:: WHAT IS NEEDED ::
Your output should be exactly the lines from the one containing "MULTI PEPTIDE YOUTH INFUSION" through the final line of the following data, please, with no pictures.

:: DATA PROVIDED ::
^^^^^^^^

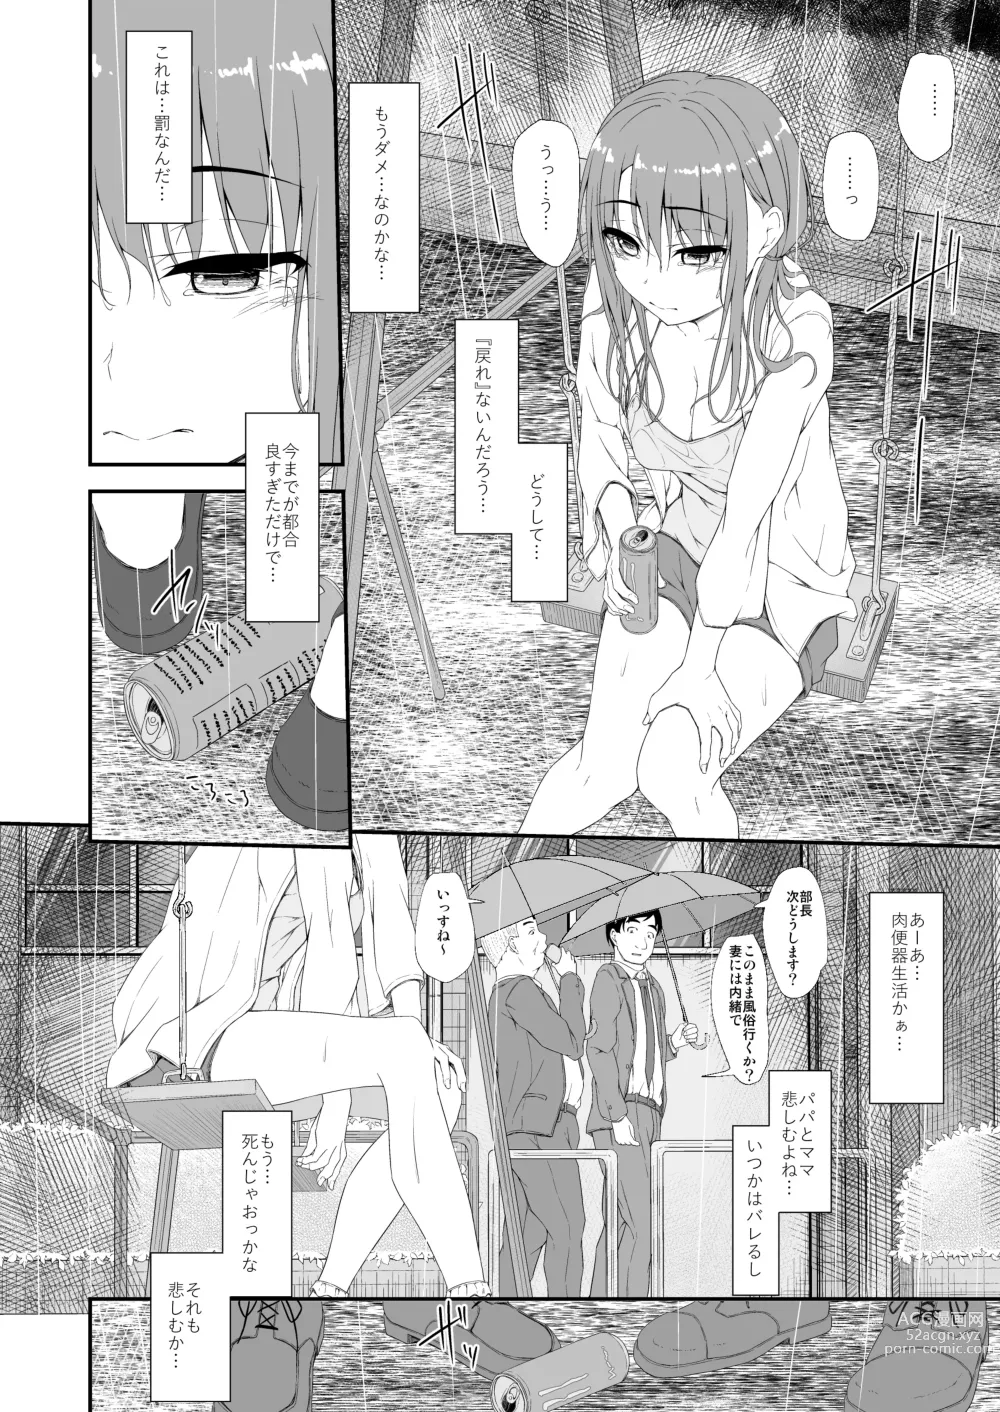 Page 5 of doujinshi Re:Temptation 6
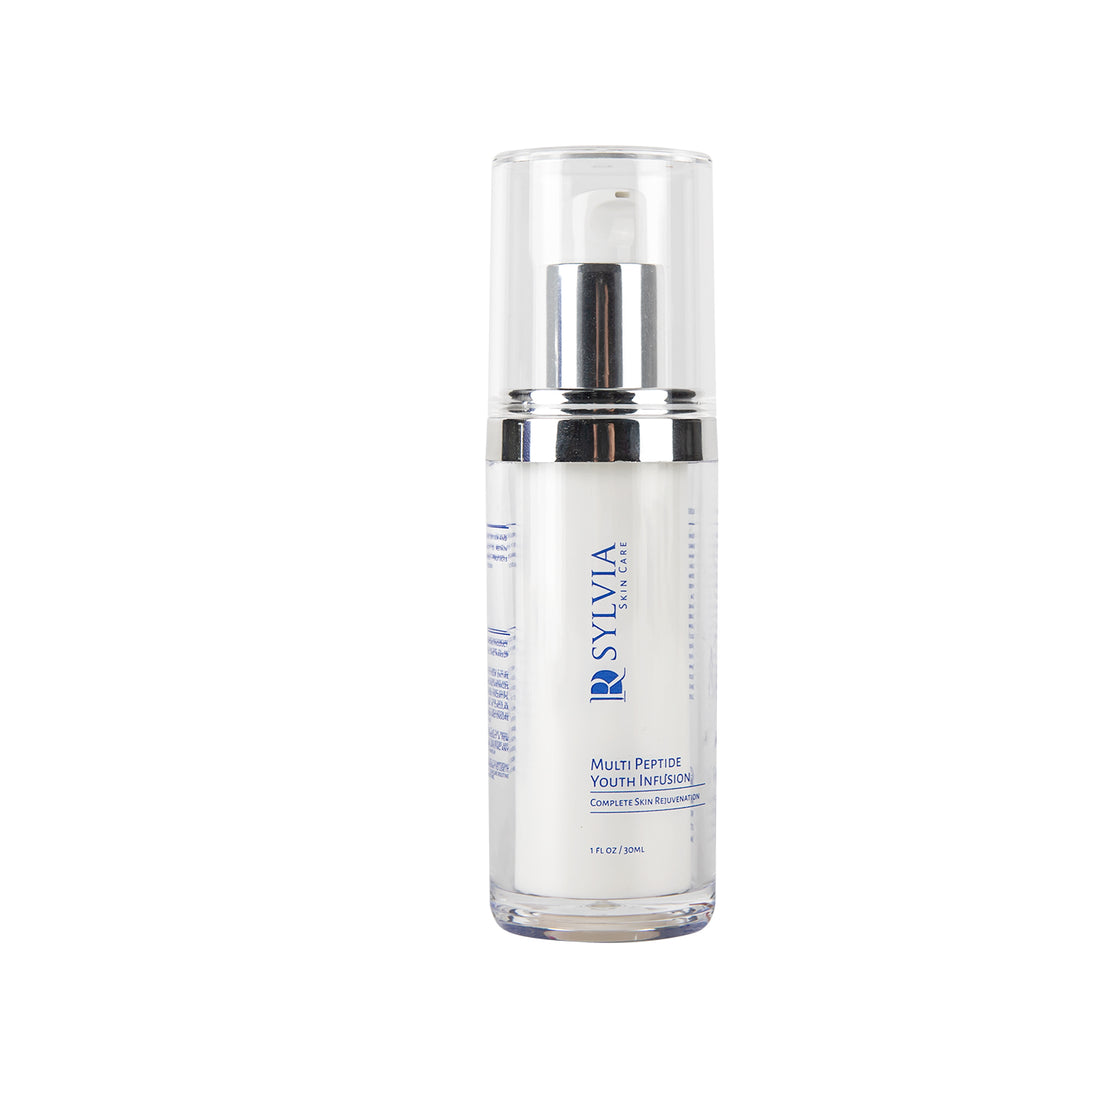 MULTI PEPTIDE YOUTH INFUSION
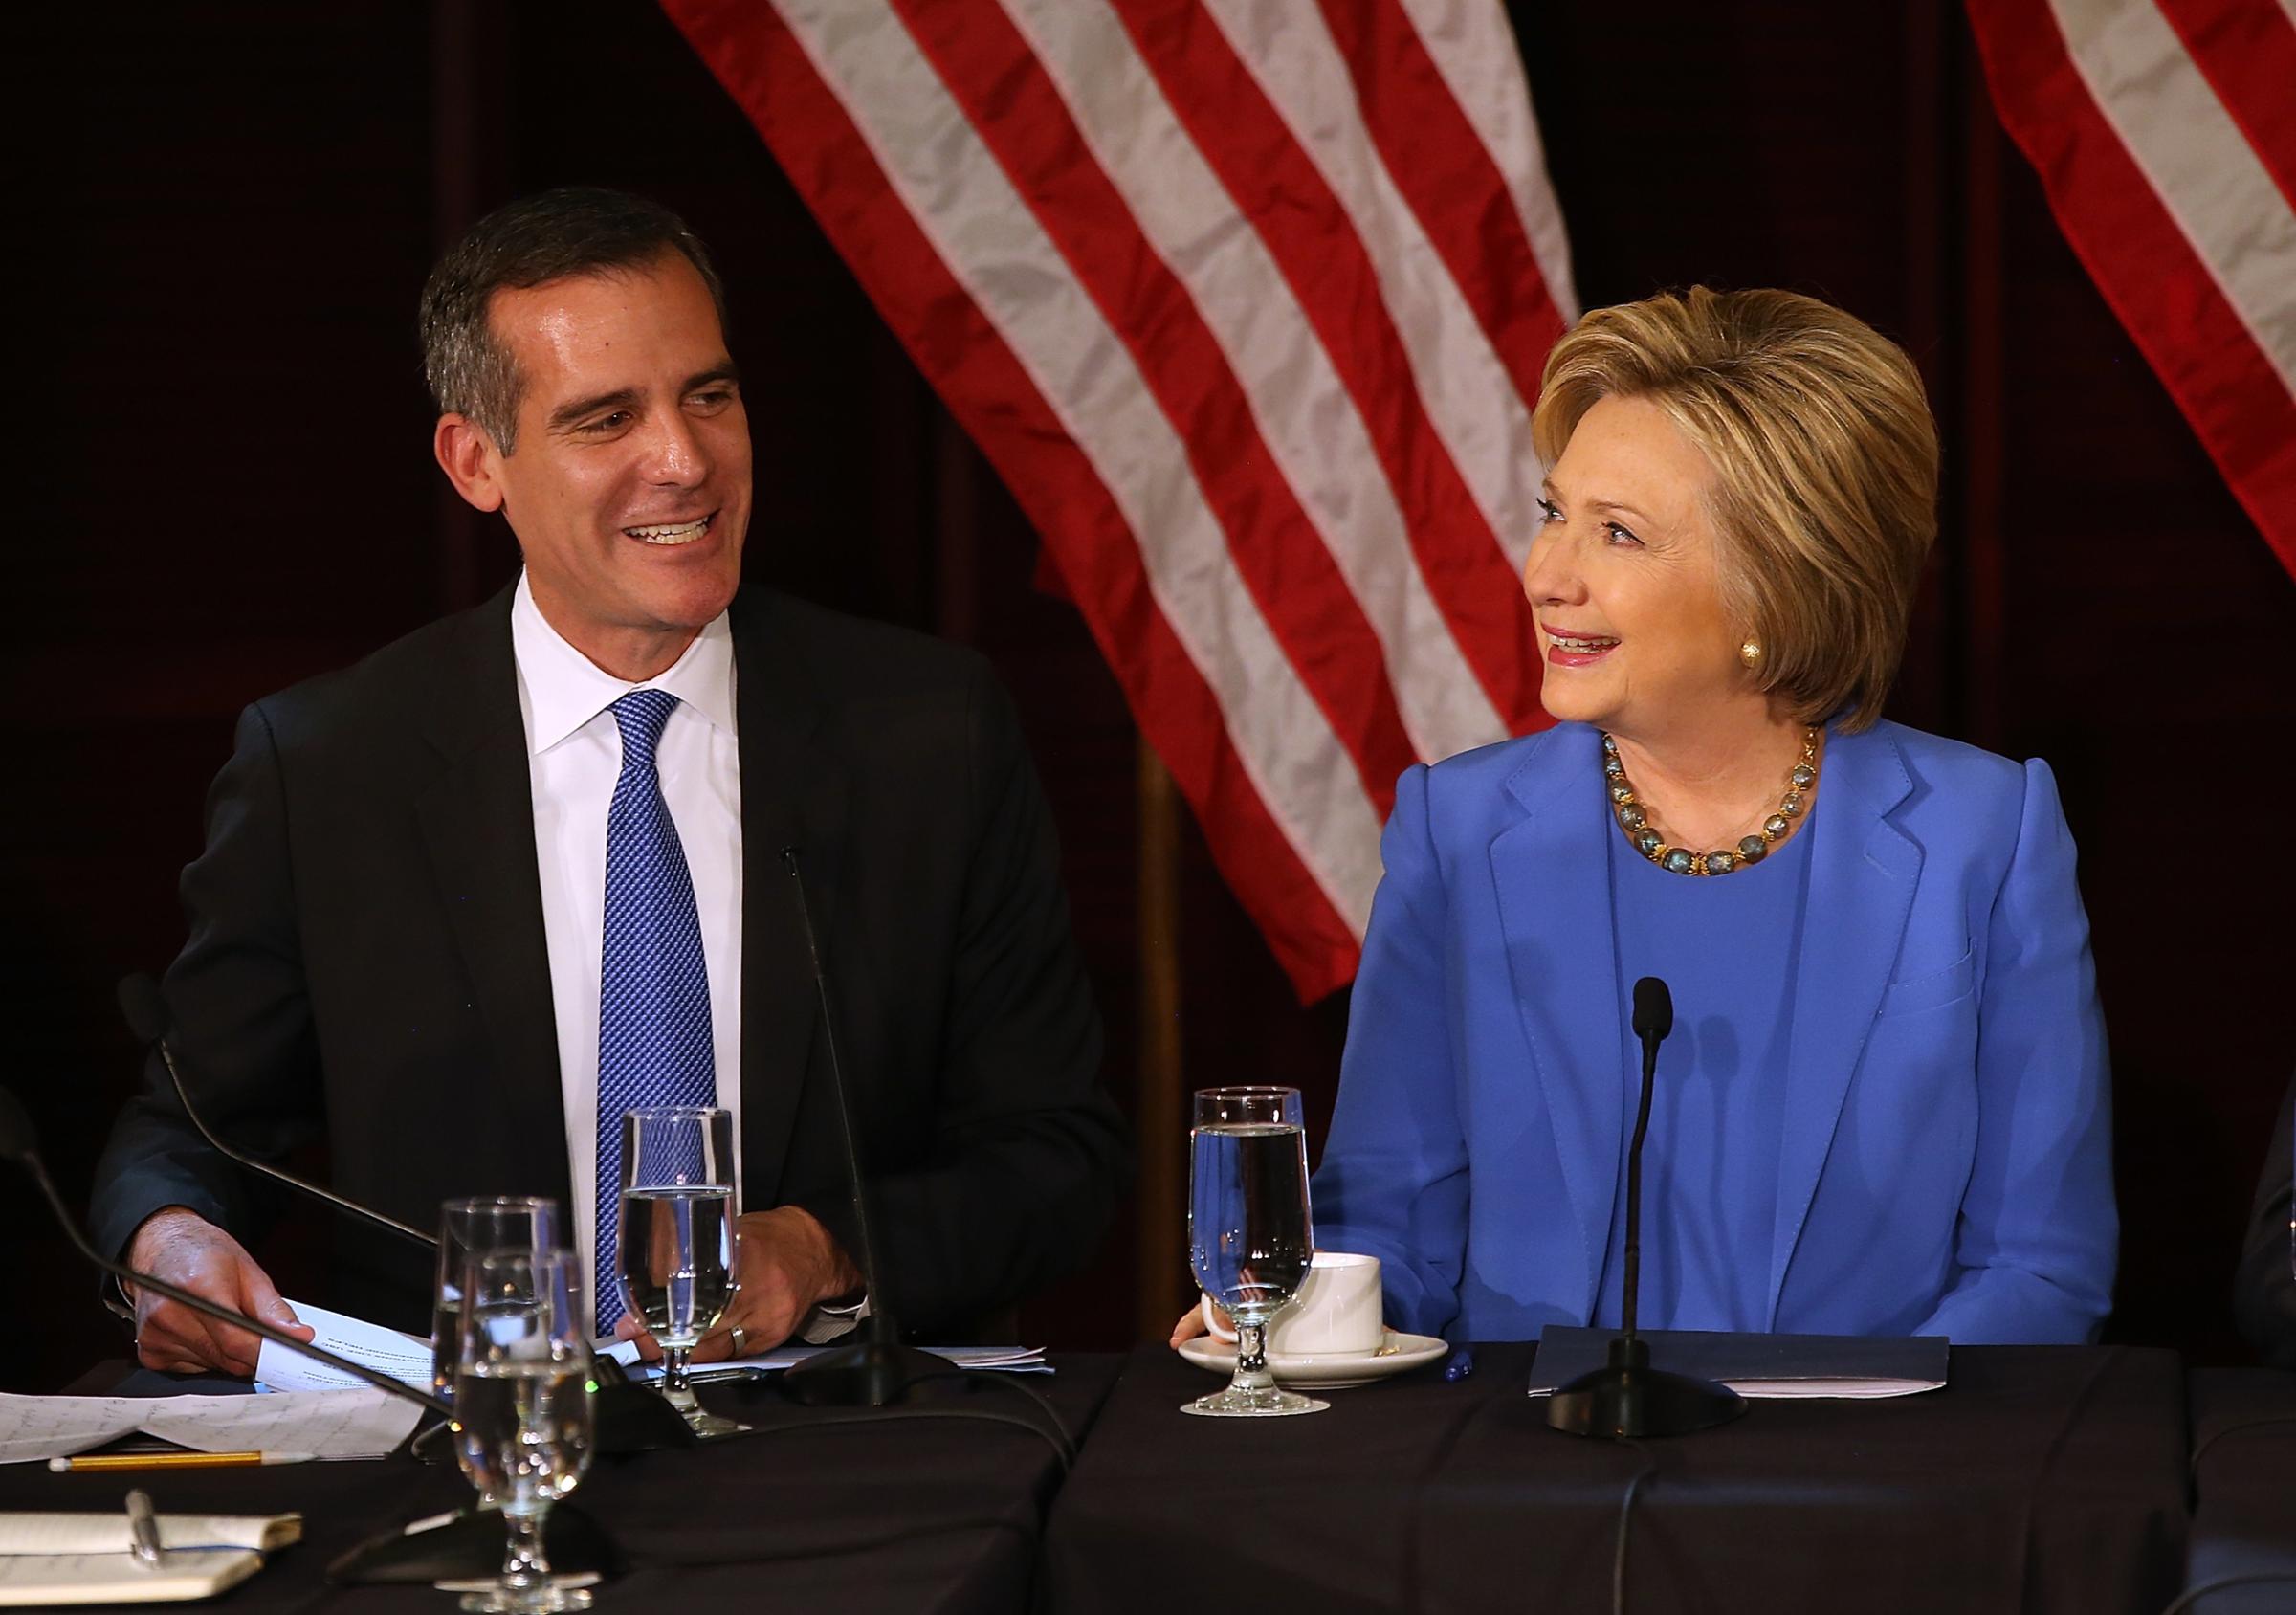 Democratic presidential candidate former Secretary of State Hillary Clinton talks with Los Angeles mayor Eric Garcetti during a roundtable discussion at the University of Southern California in Los Angeles, on March 24, 2016.

^^^^^^^^

:: WRITTEN SOLUTION ::
 MULTI PEPTIDE YOUTH INFUSION
 Democratic presidential candidate former Secretary of State Hillary Clinton talks with Los Angeles mayor Eric Garcetti during a roundtable discussion at the University of Southern California in Los Angeles, on March 24, 2016.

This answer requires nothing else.